EXERCISE DIRECTIONS — When you retype the data, keep every word exactly and include none of the pictures.

SOURCE MATERIAL —
• • •

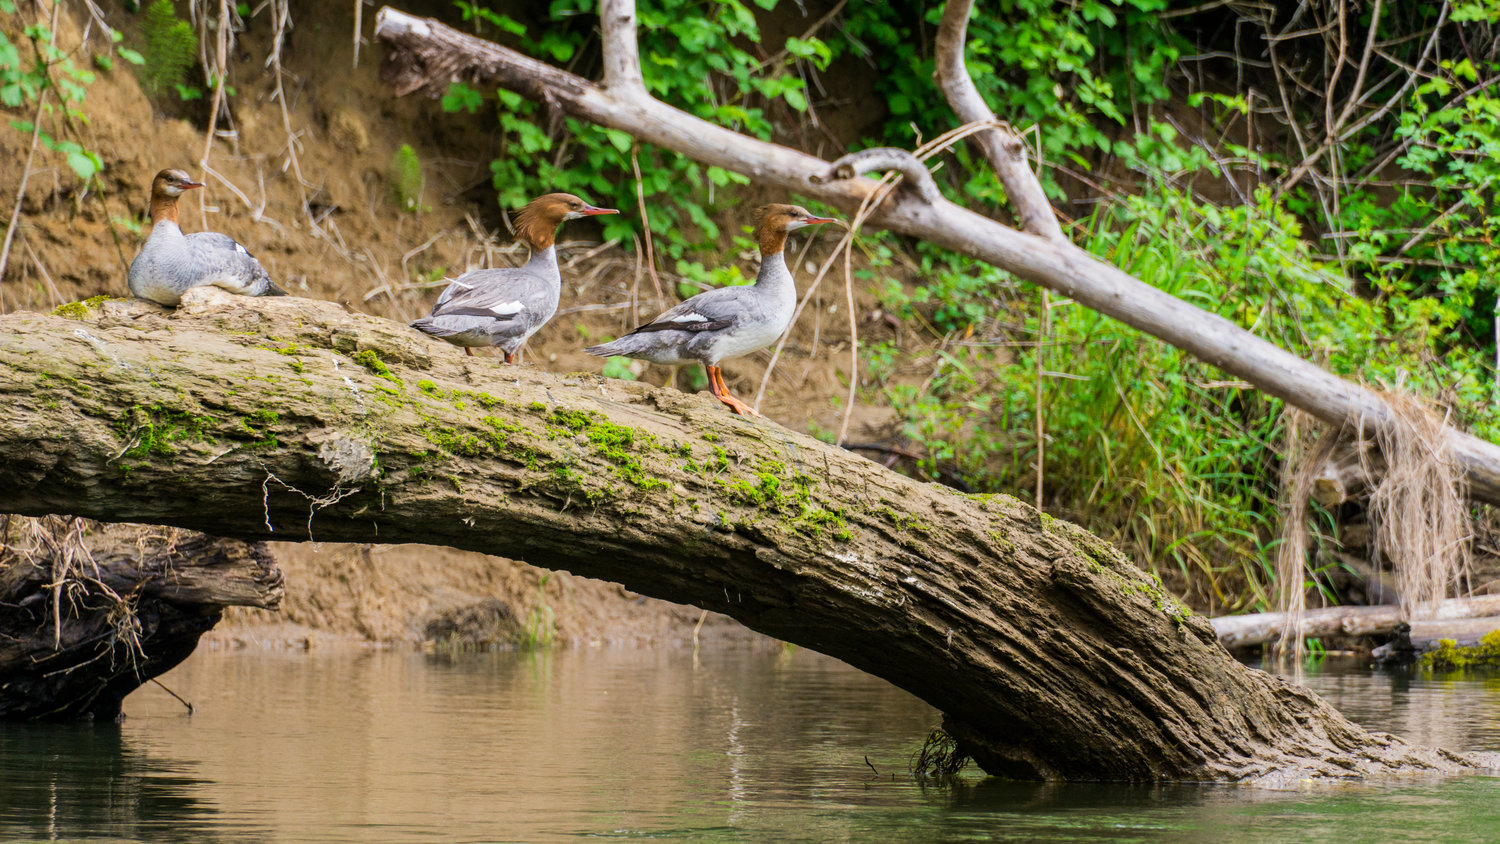 Merganser ducks rest on a log in the Chehalis River n
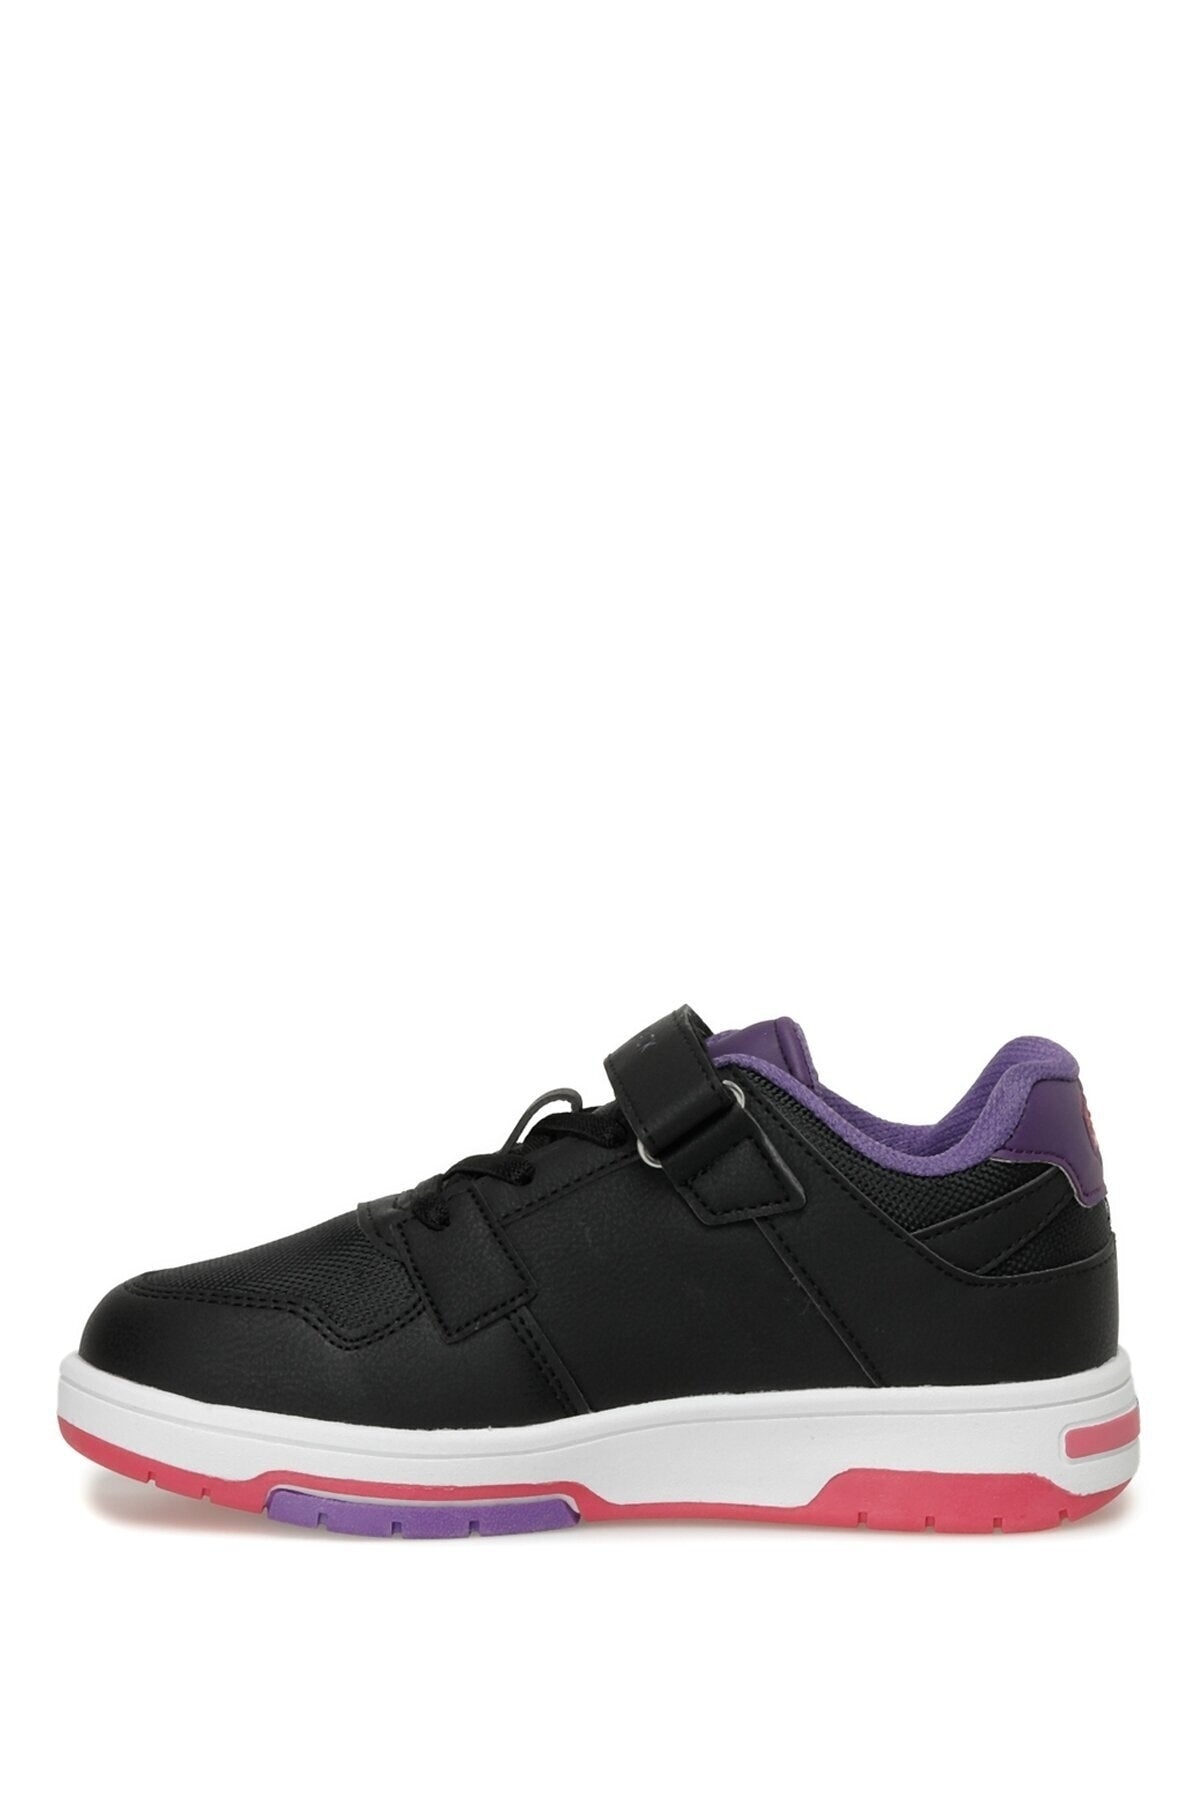 SAKE 3FX Black Girls' Sneaker
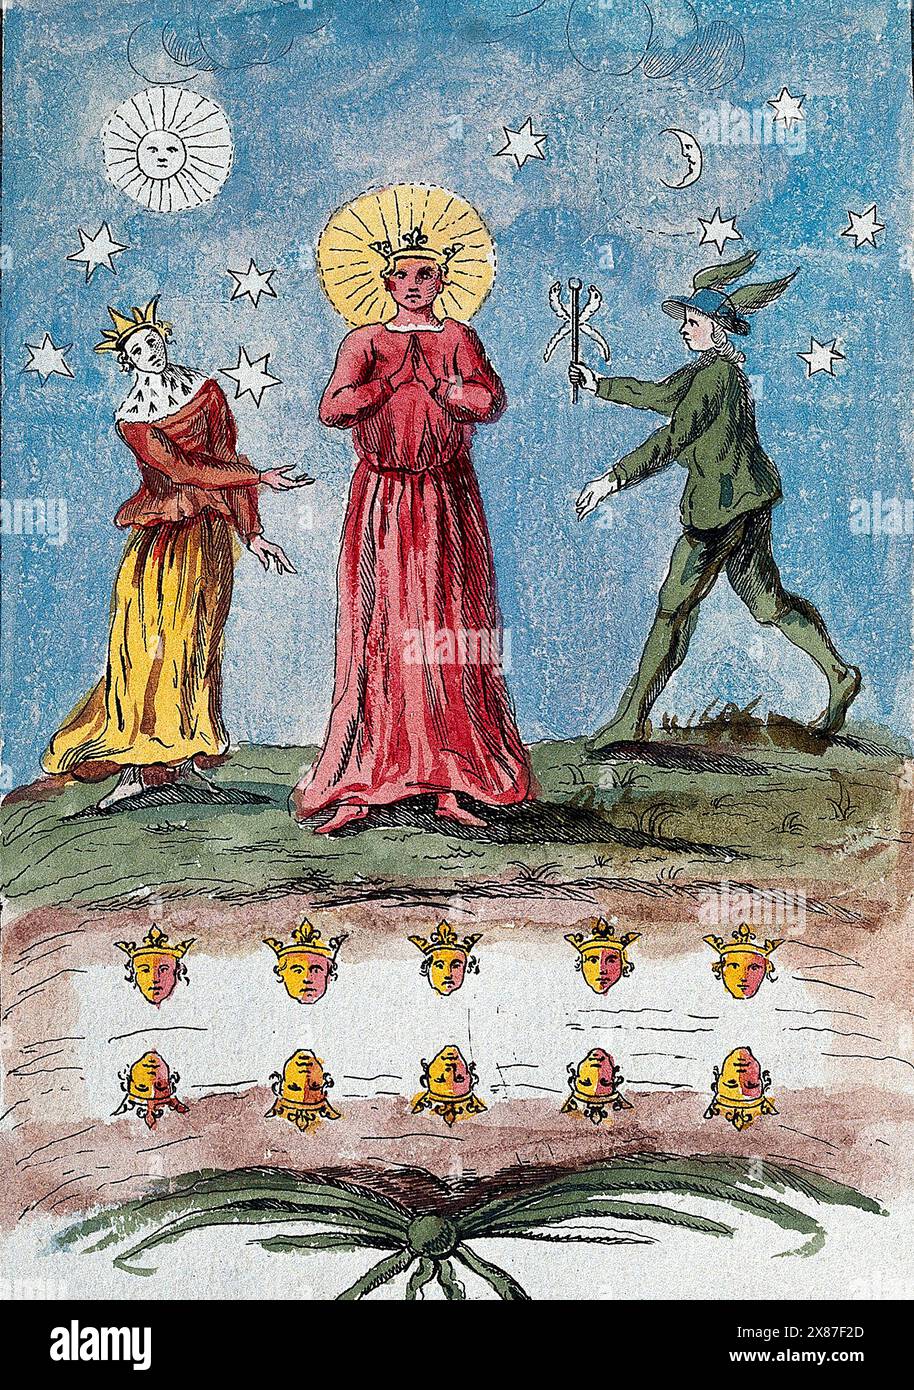 Ein König mit rotem Gesicht steht in einer roten Robe, flankiert von einer Königin und der Gottheit Merkur in grünen Kleidern; sie stellt eine Bühne im Prozess der Alchemie dar. Farbige Radierung, ca. 18. Jahrhundert. Stockfoto

• • •

REPLY —
 Merganser ducks rest on a log in the Chehalis River n
 SAKE 3FX Black Girls' Sneaker
 Ein König mit rotem Gesicht steht in einer roten Robe, flankiert von einer Königin und der Gottheit Merkur in grünen Kleidern; sie stellt eine Bühne im Prozess der Alchemie dar. Farbige Radierung, ca. 18. Jahrhundert. Stockfoto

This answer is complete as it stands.